Alternative Approaches:
There are no other viable alternative approaches. Current provisions are outdated and must be updated to reflect appropriate EMS standards and practice.
Federal Requirements:
This regulatory amendment does not exceed any minimum standards of the federal government for the same or similar subject areas. This proposal is intended to update outdated Part 800 provisions with language appropriate and applicable to the modern EMS system of today.
Compliance Schedule:
This proposal will go into effect upon a Notice of Adoption in the New York State Register.
Regulatory Flexibility Analysis
A Regulatory Flexibility Analysis for Small Business and Local Governments is not included in accordance with Section 202-b of the State Administrative Procedure Act (SAPA). This regulation does not impose an adverse economic impact, nor reporting, recordkeeping or other compliance requirements on small businesses or local governments. This rule pertains only to individual persons who are certified by the Department to provide pre-hospital emergency care and treatment to sick or injured persons. Small businesses and local governments cannot violate this rule, and therefore cannot be subject to penalties associated with a violation of this rule.
Cure Period:
A cure period was not included in this rule. This regulation is directed at the individual EMS provider, and not the EMS agency for which the provider works. This proposal would provide standards of conduct, oversight, and disciplinary sanctions for EMS providers. Violations of such standards would pose a threat to public health, safety and well-being of the patients served. A cure period would not be appropriate under these circumstances.

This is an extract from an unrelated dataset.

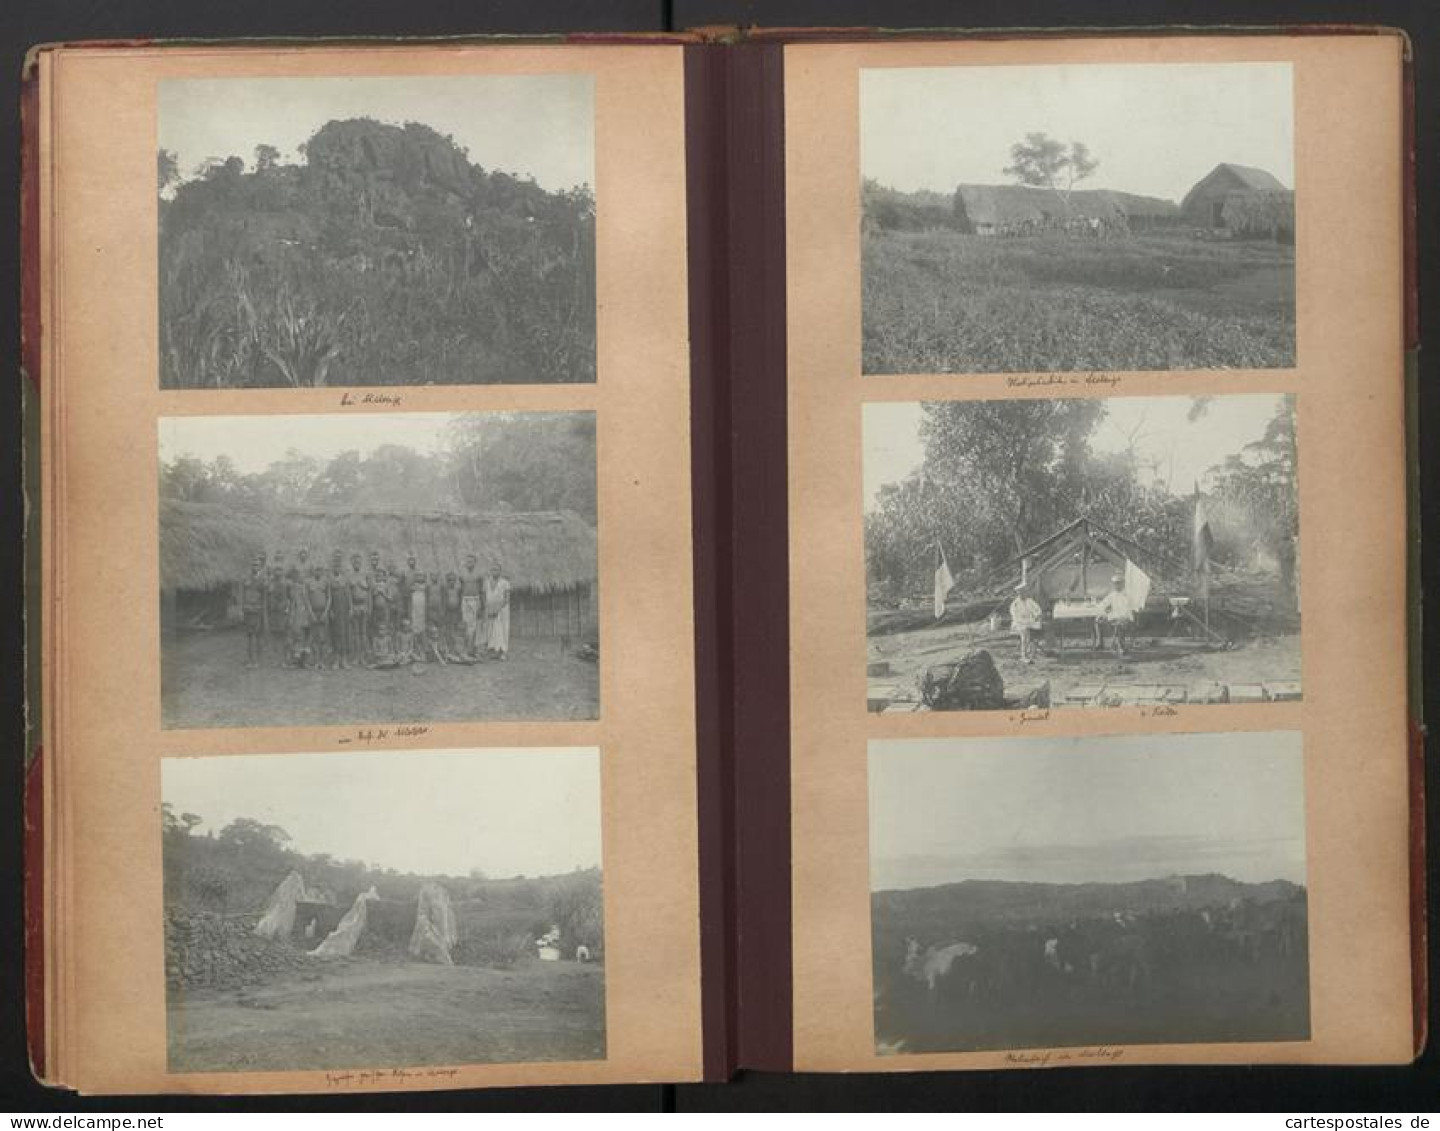 Fotoalbum mit 280 Fotografien, DSWA Schutztruppe, Afrika, Oblt. von Grawert, Hauptmann von Fiedler, Zanzibar, Durban

Rural Area Flexibility Analysis
The proposed rule will not impose an adverse economic impact on rural areas, nor will it impose any additional reporting, recordkeeping or other compliance requirements on public or private entities in rural areas.
Job Impact Statement
A Job Impact Statement is not included in accordance with Section 201-a (2) of the State Administrative Procedure Act (SAPA), because it will not have a substantial adverse effect on jobs and employment opportunities.